На другой день я отправился в деревню, которую видел только однажды, когда мы прибыли на остров. Я вошел в лавку и, чтобы придать купцу словоохотливости, купил у него небольшой кусок шелковой материи. Он говорил по-франкски, то есть на испорченном итальянском наречии, и потому мы друг друга кое-как понимали. Я спросил его, кто живет у Константина в павильоне. Он сказал — его дочери. Я спросил, как их зовут: старшую Стефаной, а младшую Фатиницей; старшая повыше, младшая поменьше. Следственно, это Фатиница два раза на меня оглядывалась. Это меня обрадовало; в имени Фатиницы было что-то странное и милое, и мне весело было повторять его.
Купец прибавил, что одна из дочерей выходит замуж; я с беспокойством спросил, которая; но он больше ничего не мог сказать мне; знал только, что жених — сын богатого купца, торгующего шелковыми товарами, и что его зовут Христо Панайоти. Он не знал, на которой из сестер Панайоти женится, да и сам жених, вероятно, тоже.

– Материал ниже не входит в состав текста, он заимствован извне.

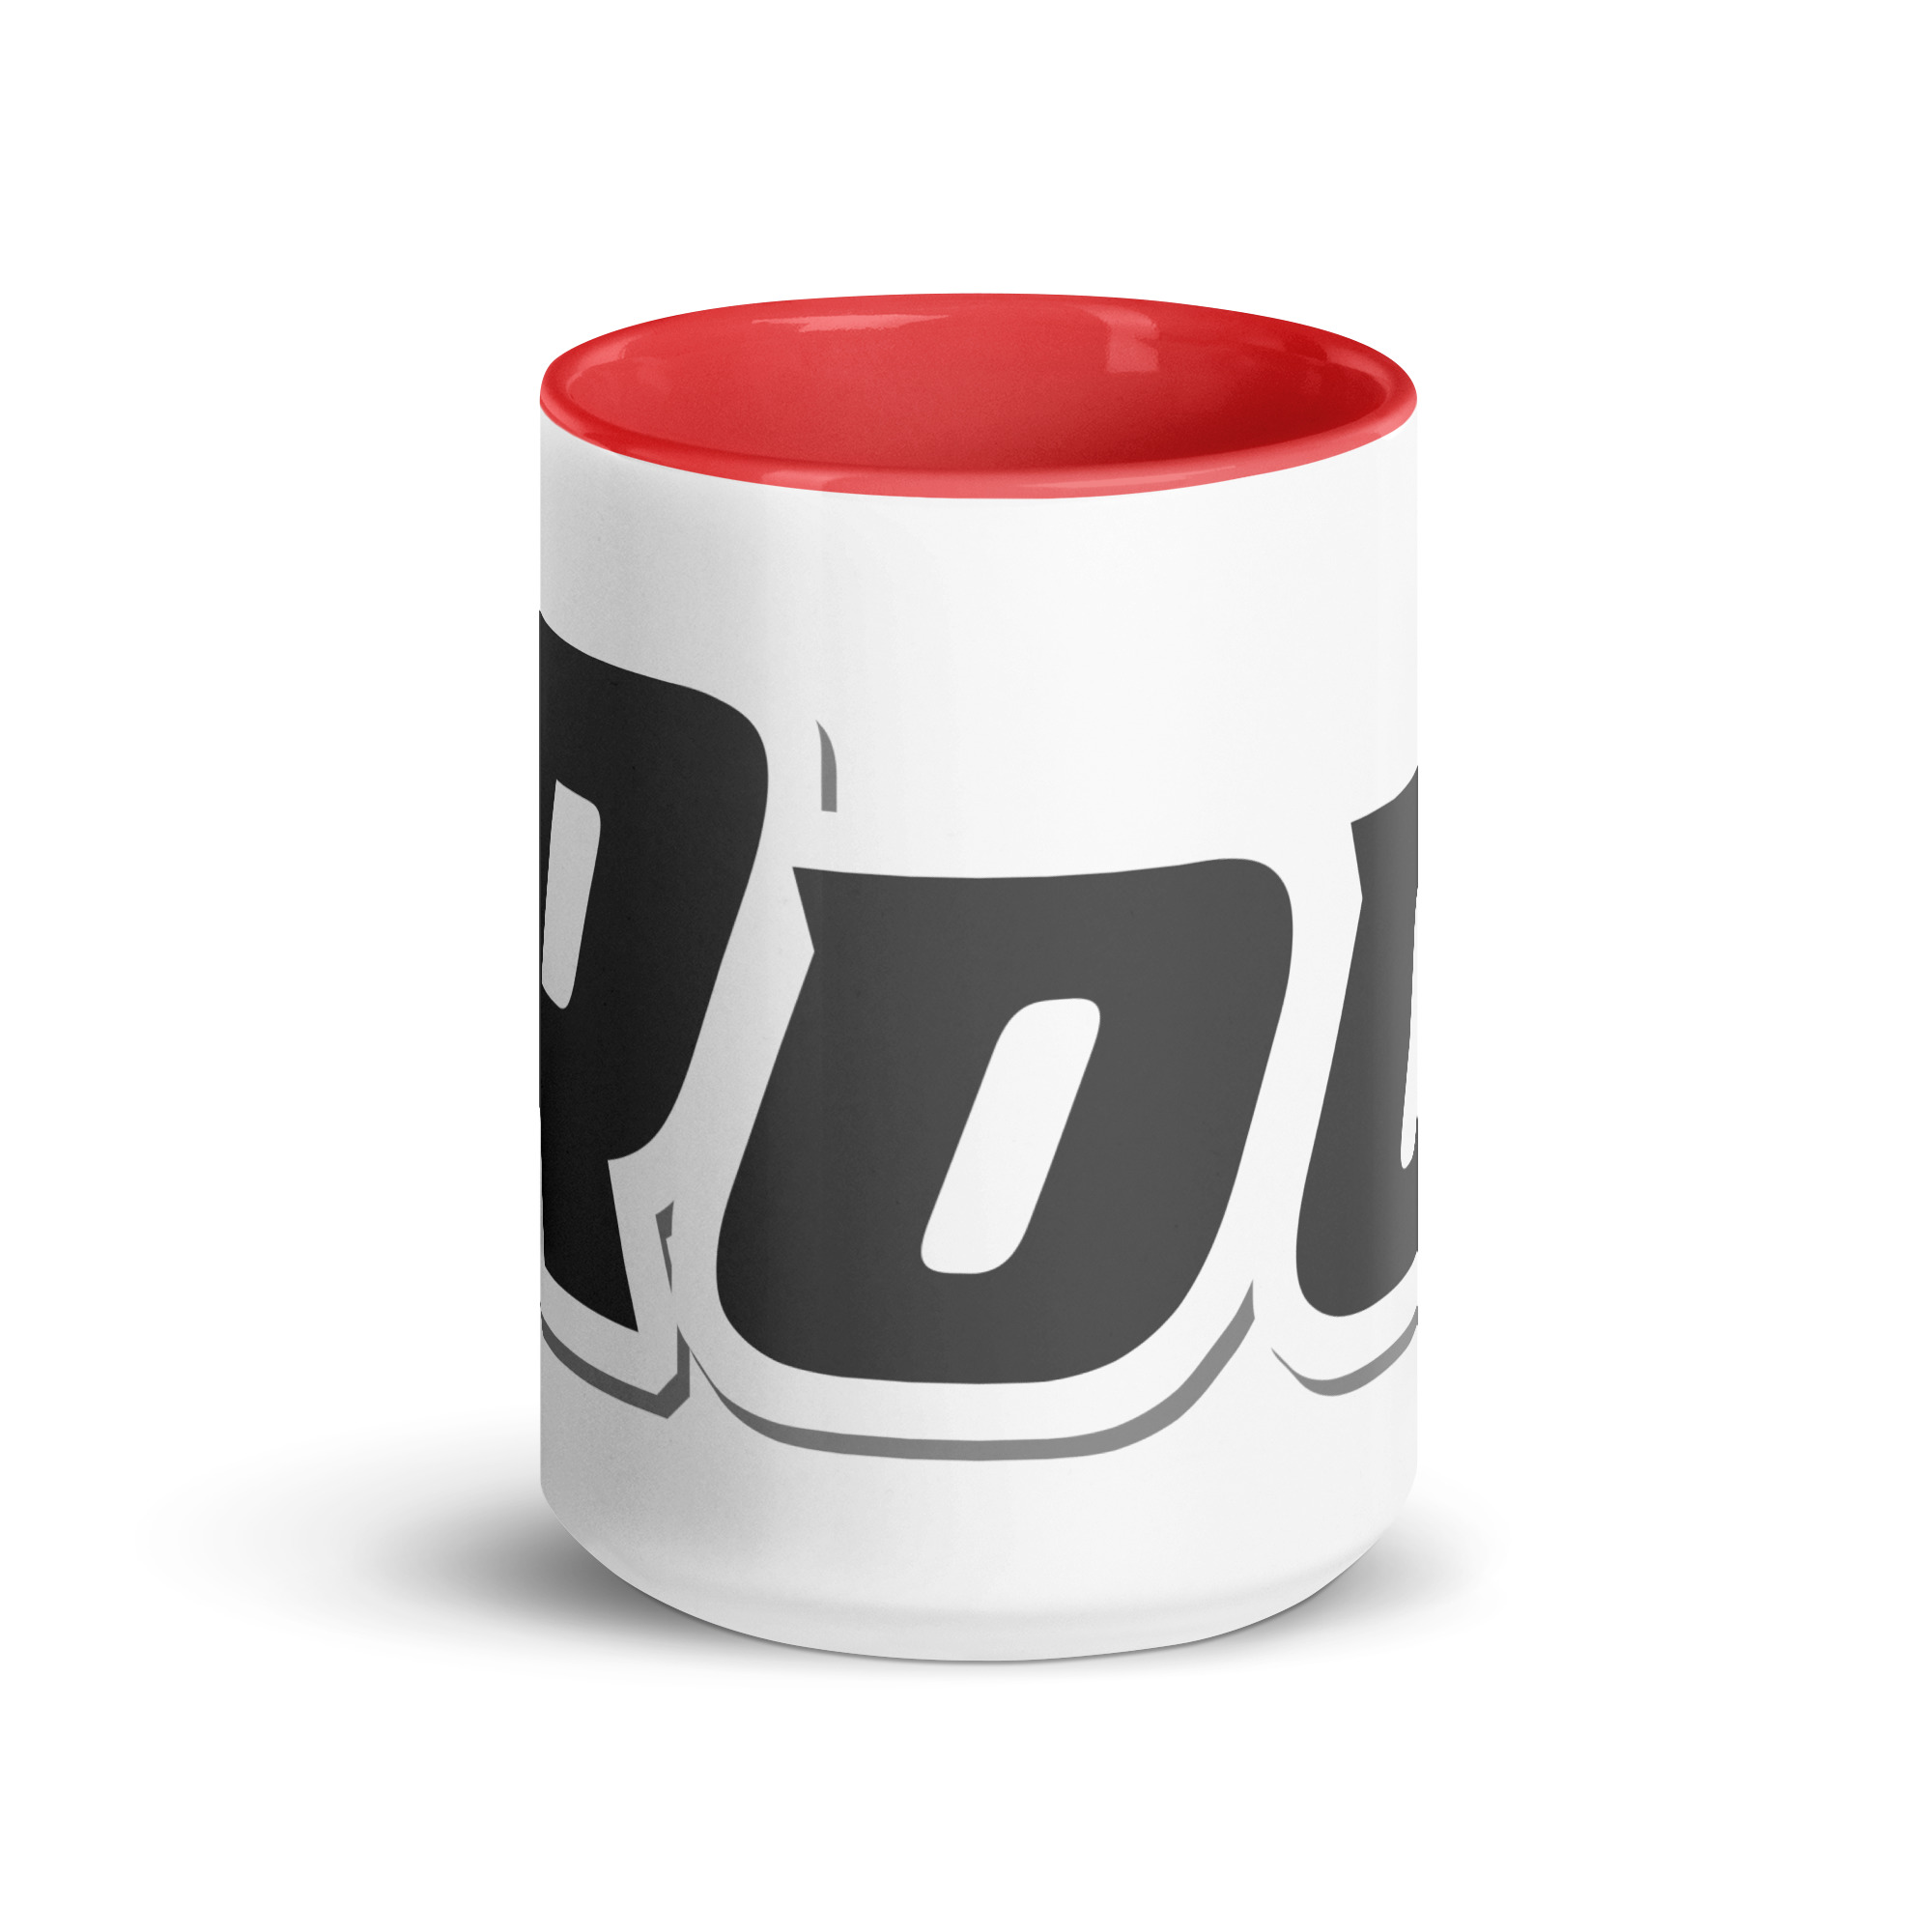 white-ceramic-mug-with-color-inside-red-15-oz-front-6525b50608c33.jpg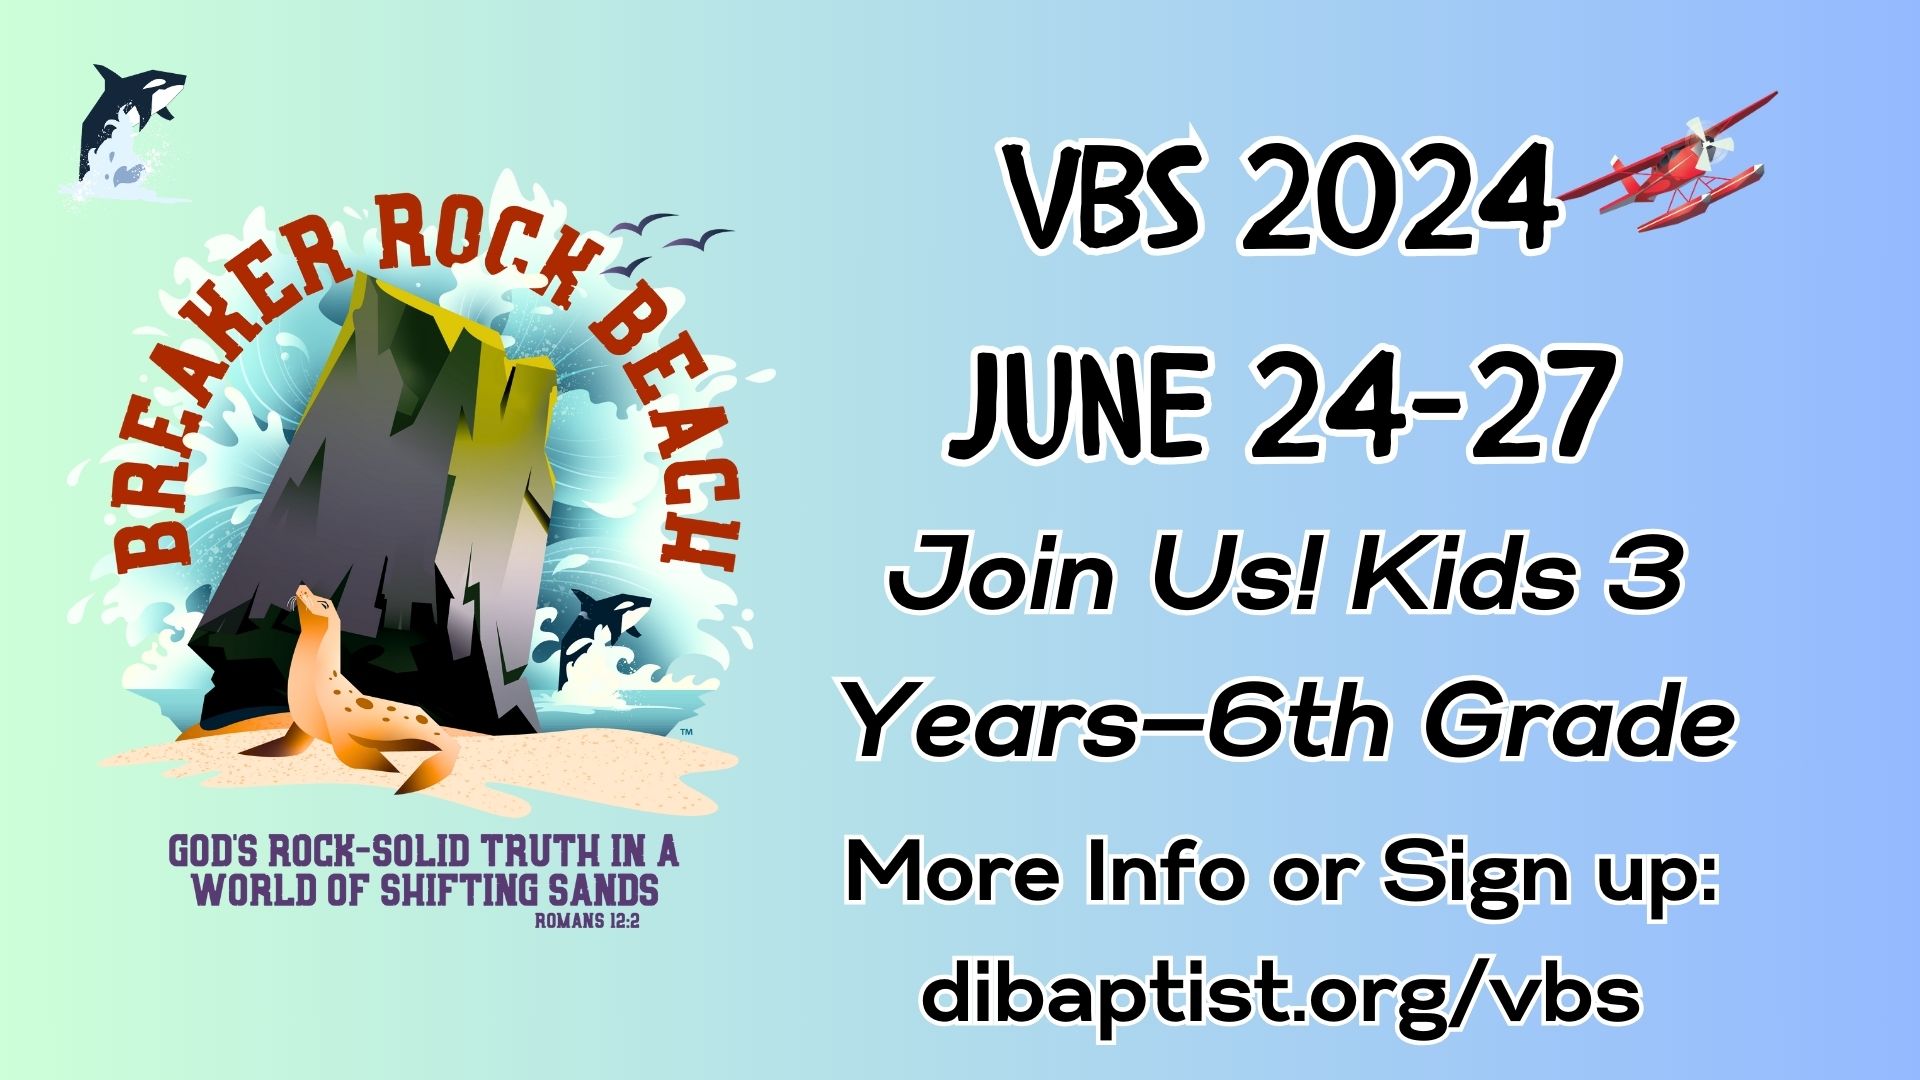 VBS 2024 - June 24-27

Я просил его объяснить мне это незнание, довольно странное в женихе, до которого дело близко касается, и купец рассказал мне, что греки, так же как турки, почти никогда не видят невест своих до самой свадьбы Они обыкновенно полагаются в выборе невесты на старух, которые видели ее в доме родителей или в бане и ручаются за ее красоту и доброе поведение. Христо Панайоти поступил точно так же и, зная, что у Константина две хорошенькие дочери, просил руки одной из них, предоставив отцу выдать любую: это ему было все равно, потому что он ни той, ни другой не видел.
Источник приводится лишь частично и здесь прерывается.